■ **DATA SHOWN**
________________________

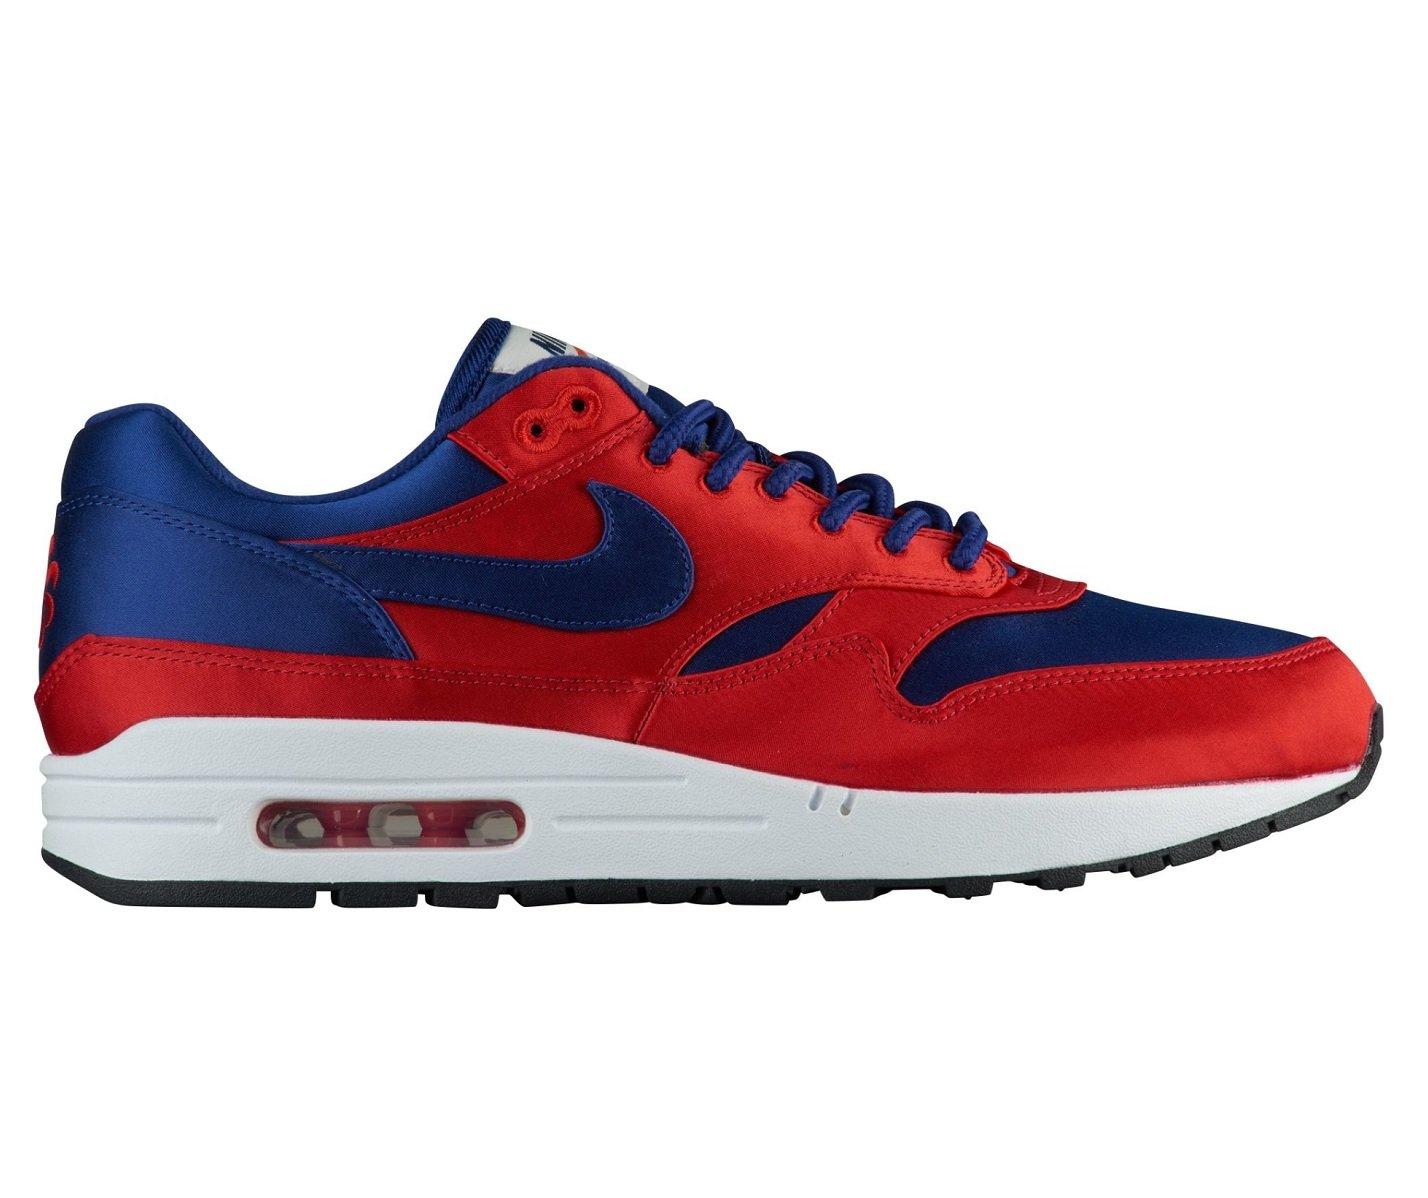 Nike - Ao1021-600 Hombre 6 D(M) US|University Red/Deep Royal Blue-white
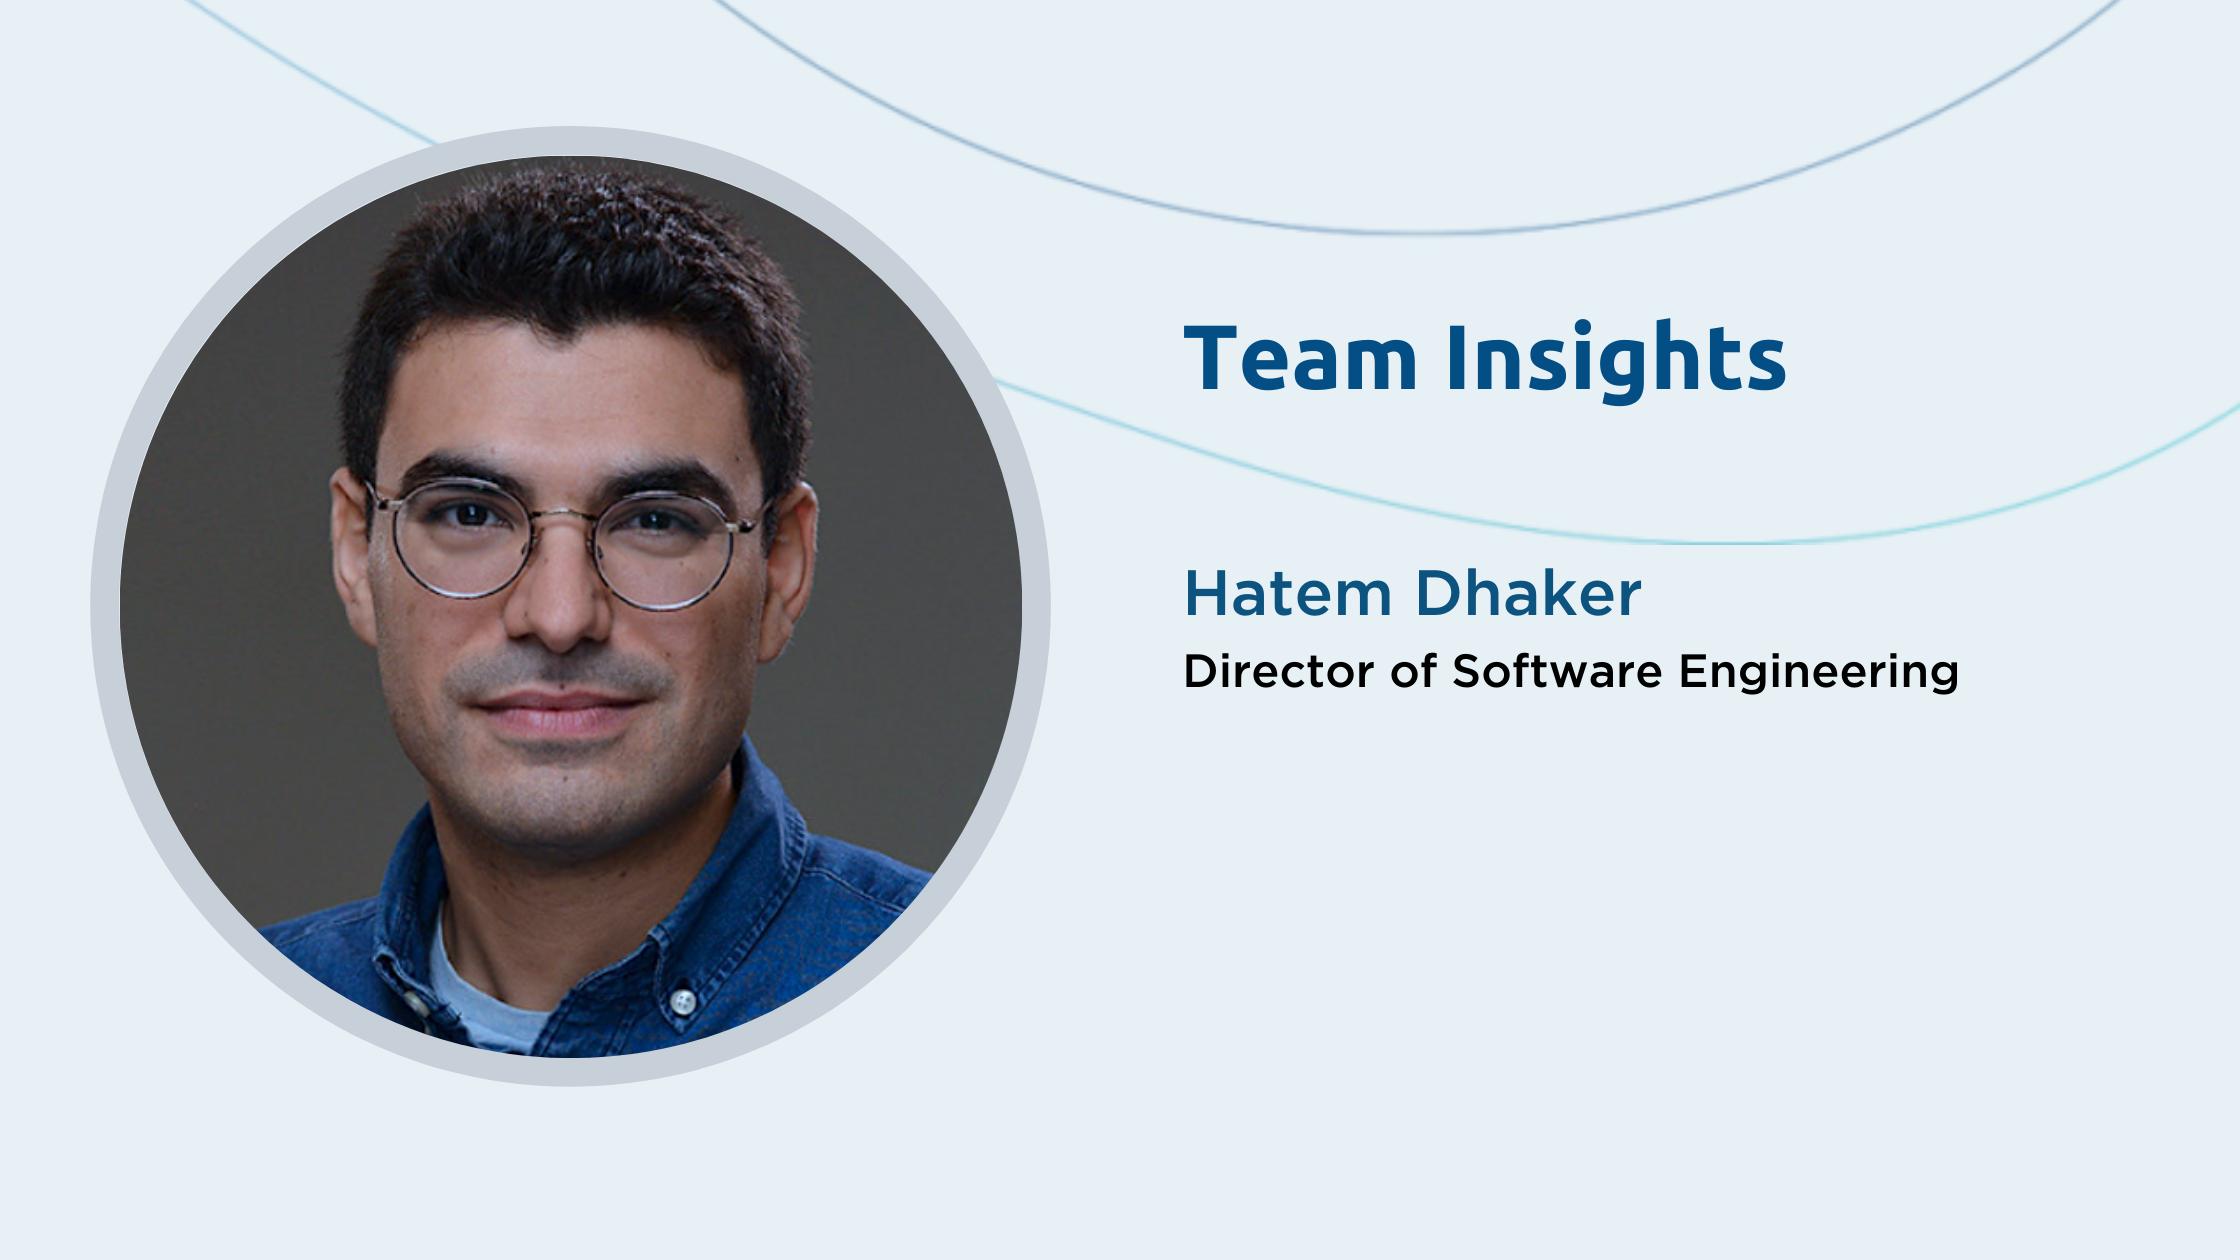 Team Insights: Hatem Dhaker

________________________

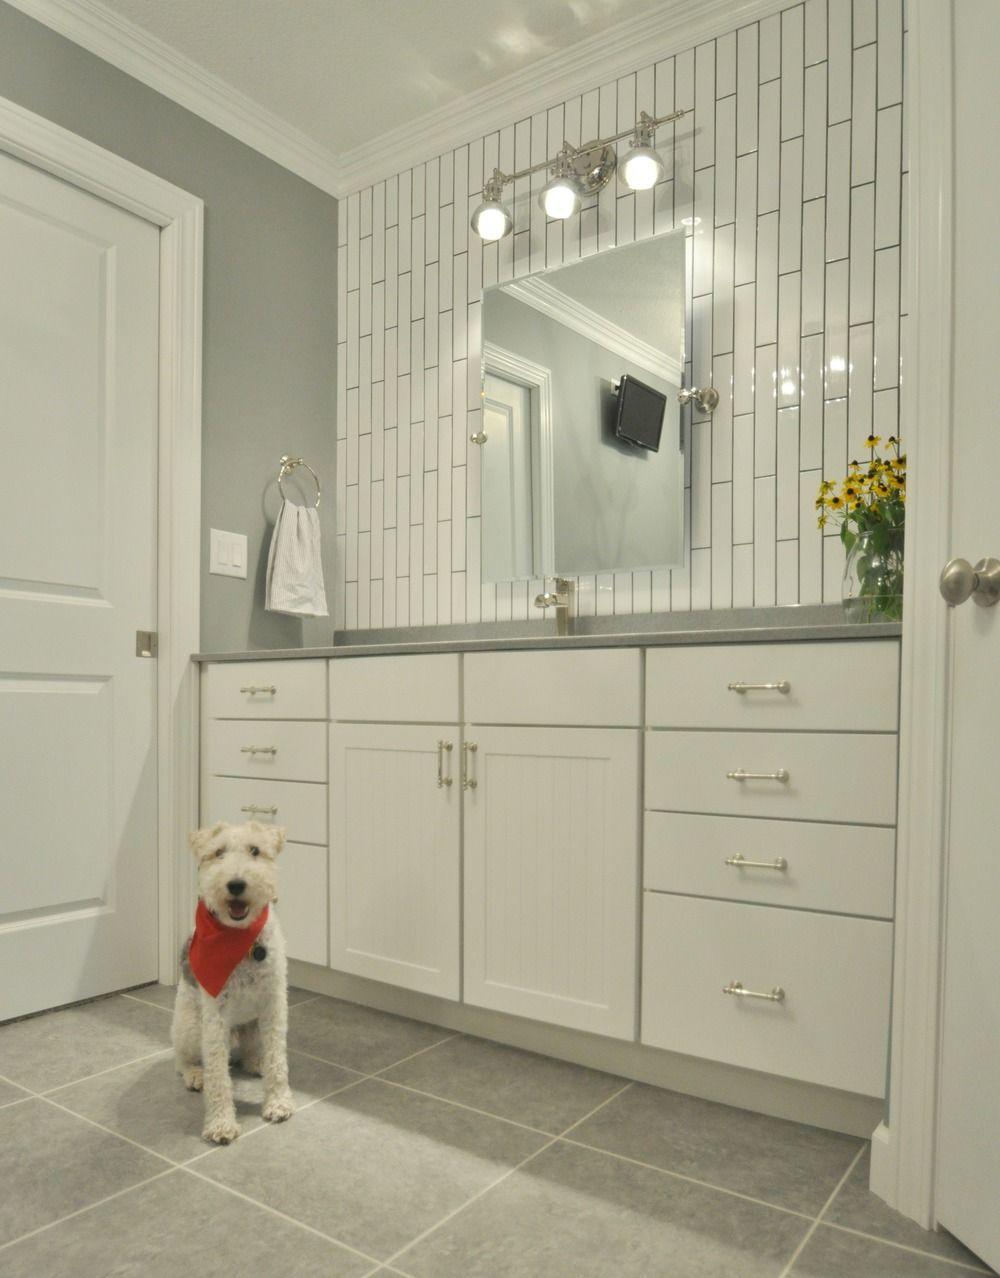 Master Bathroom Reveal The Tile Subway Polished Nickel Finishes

________________________

■ **ASSIGNED TASK**
Start at the line containing "Nike - Ao1021-600" above and stop at the line containing "Team Insights: Hatem Dhaker". Output those lines exactly, both included, but none of the pictures.

■ **OUTPUT**
 Nike - Ao1021-600 Hombre 6 D(M) US|University Red/Deep Royal Blue-white
 Team Insights: Hatem Dhaker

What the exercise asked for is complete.